The role of image processing

Cognex's 'In-Sight D900' series of intelligent cameras have embedded deep learning inspection capabilities that allow for reliable differentiation of true coating defects from unacceptable defects and acceptable deviations.

© Cognex

From an image processing perspective, this task presents a challenge: Welds can vary significantly in appearance and exhibit a range of defects; on the other hand, there can be specific and possibly even large deviations that do not affect performance. With a conventional vision system, it is almost impossible to distinguish different appearances from functionally significant deviations, as their appearances overlap. Cognex's deep learning defect detection and classification tools offer a solution to this problem. They are trained using a wide range of welding variations and thus learn to accurately classify and differentiate between the various defect types despite variations in the objects and weld seams.

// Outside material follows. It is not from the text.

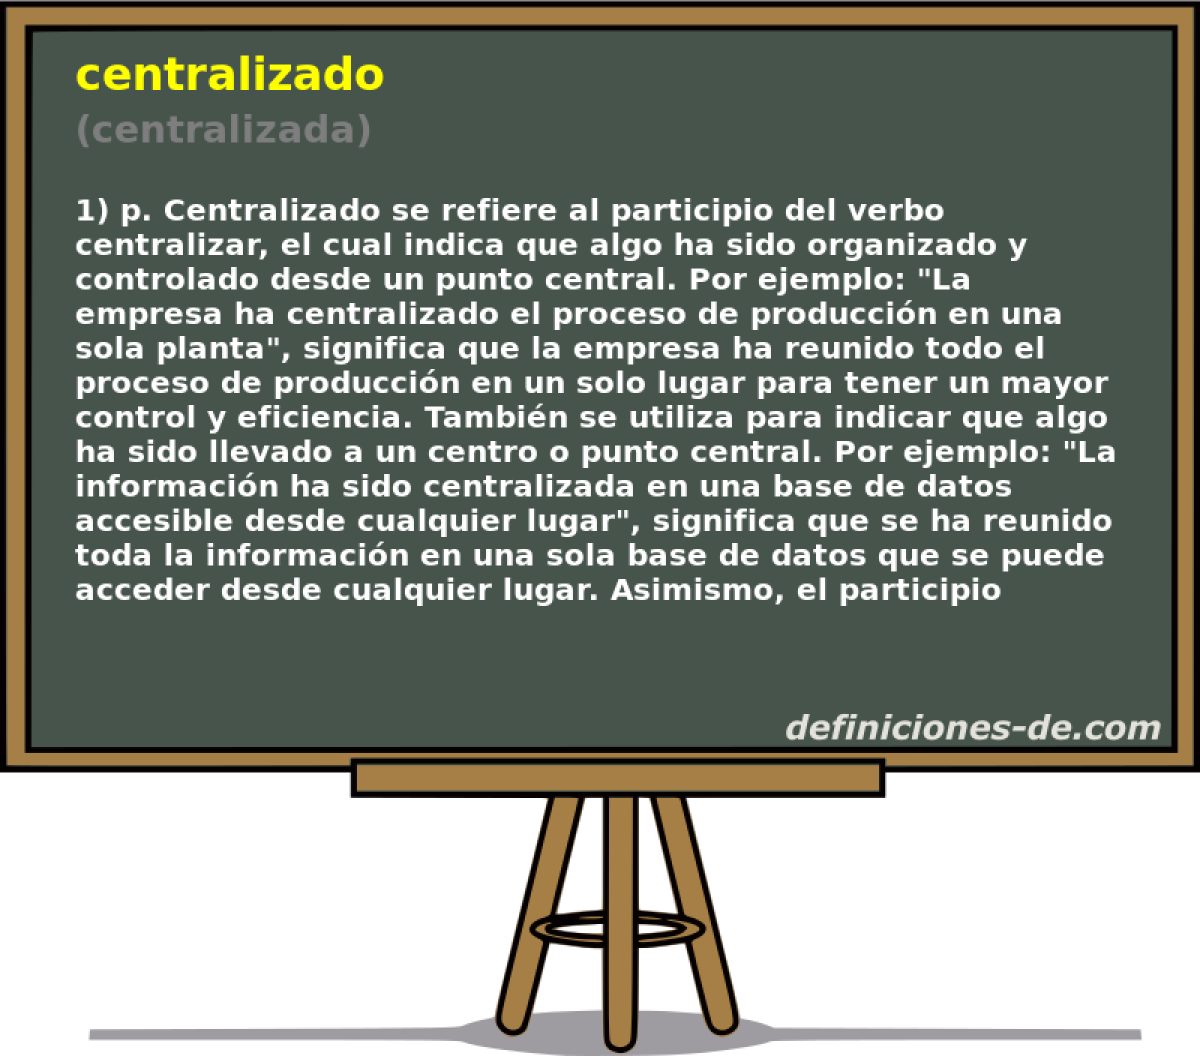 centralizado (centralizada)
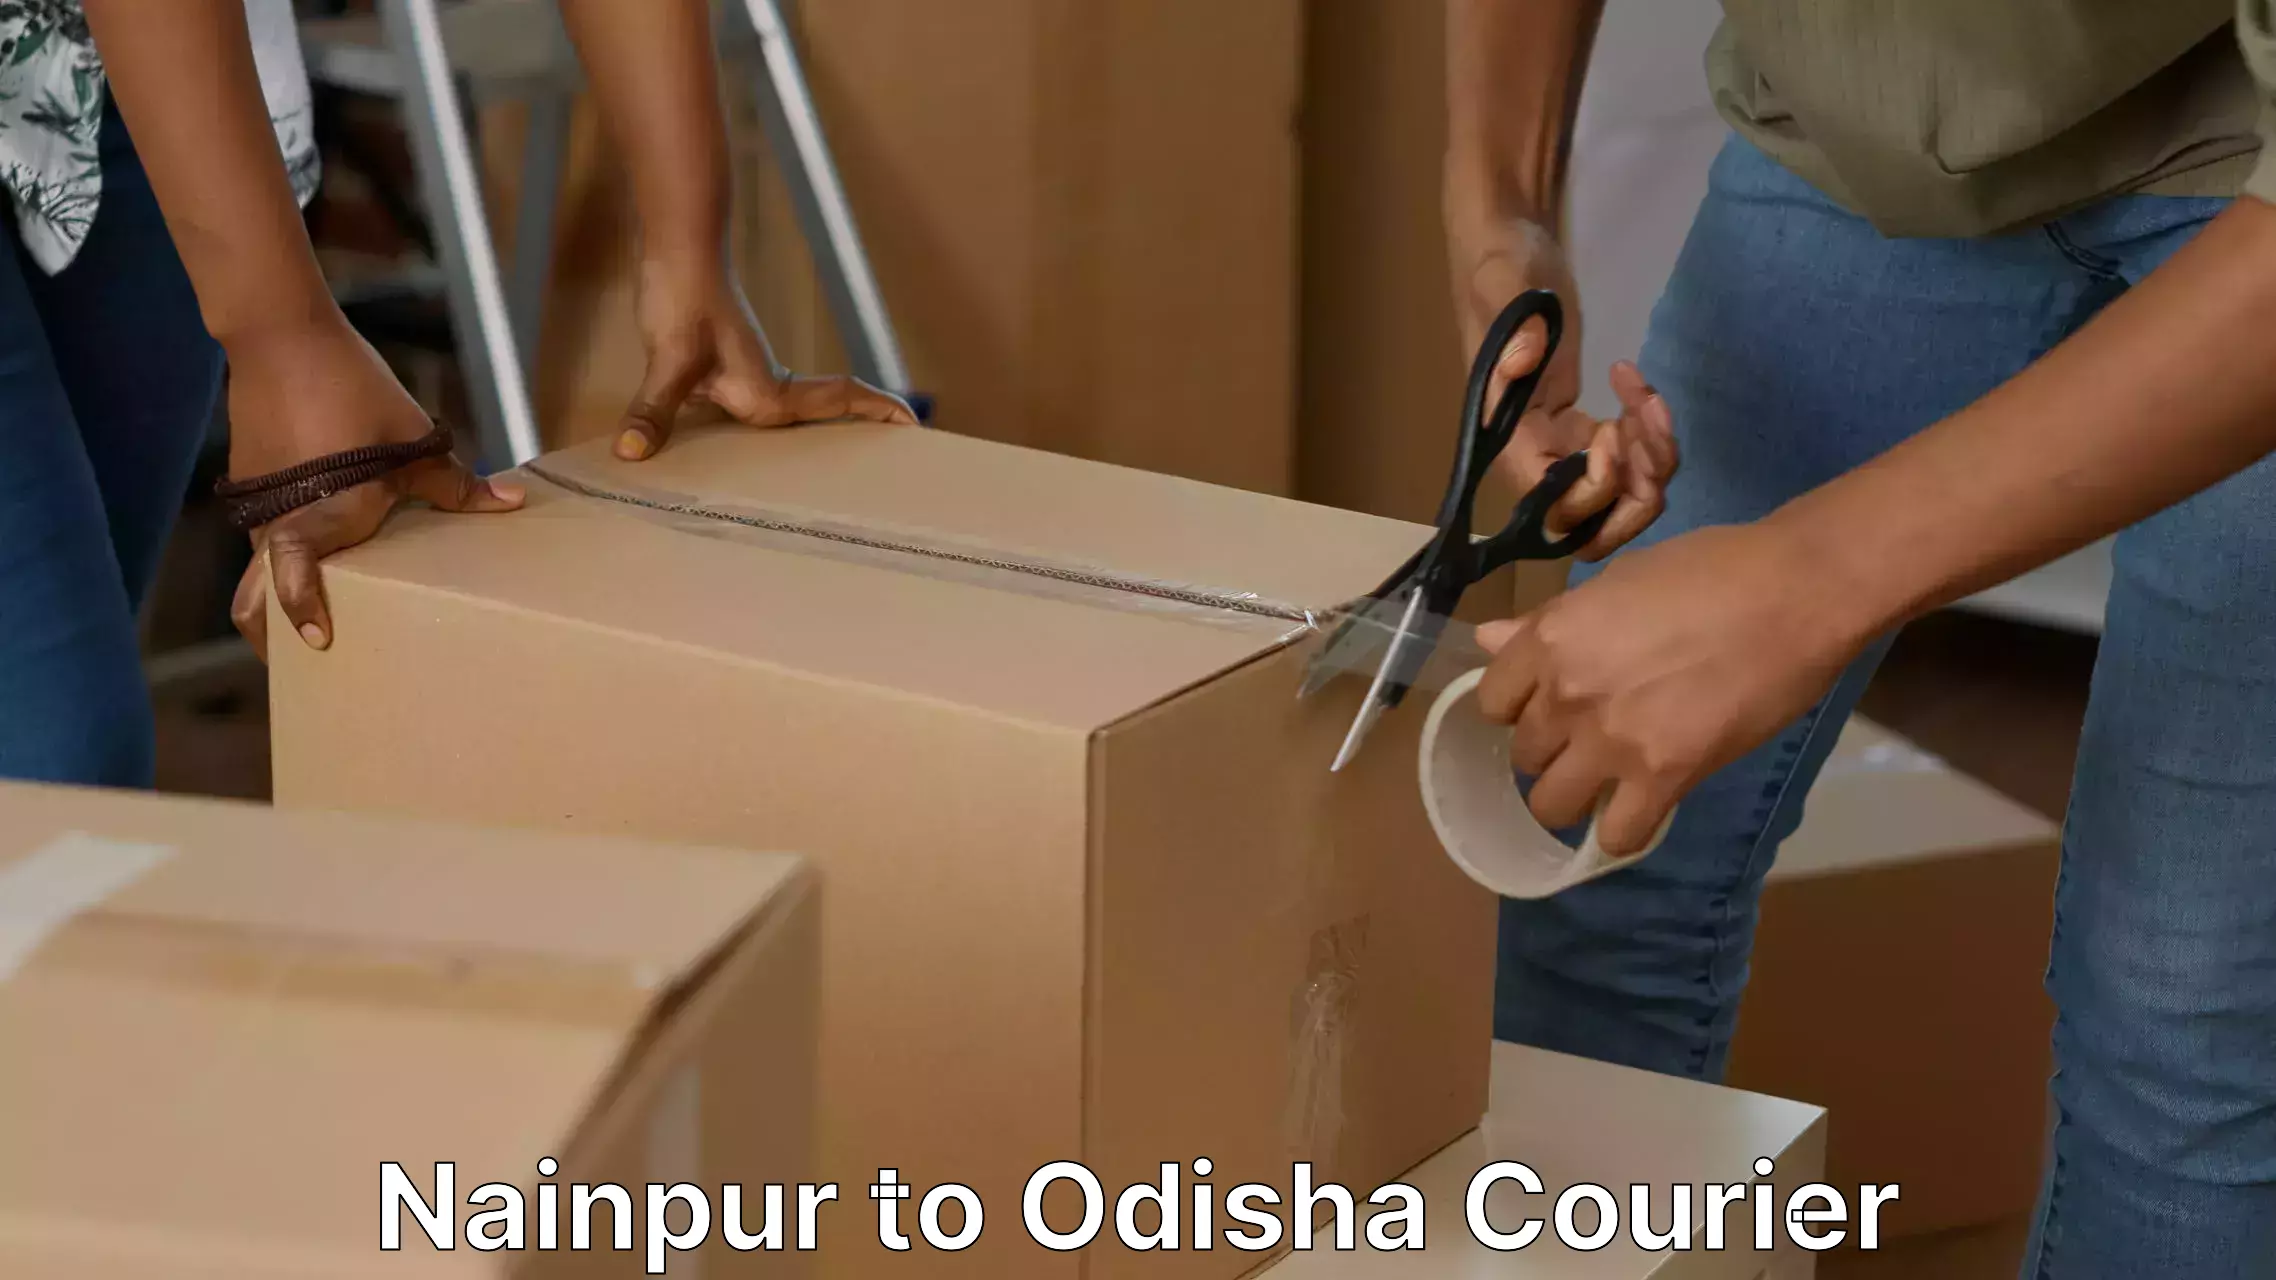 Quick household moving Nainpur to Odisha

Inspection of the dosing opening

After welding and testing the top cap of a battery cell, it is filled with a liquid electrolyte that conducts the electrons in the battery. Once filling is complete, the required metering hole is welded shut. Due to the risk of heat damage to the anode, the cathode and the electrolyte, this step is also carried out by laser welding at a low temperature.

An electrical test of the filled and sealed cell could reveal any problems before the cell is installed in a module, but this method is not one hundred percent reliable. Since the appearance of the weld seams can also vary greatly in this case and deviations can lead to unacceptable functional losses, Cognex's deep learning-based tools are used to reliably distinguish functional defects from purely cosmetic ones.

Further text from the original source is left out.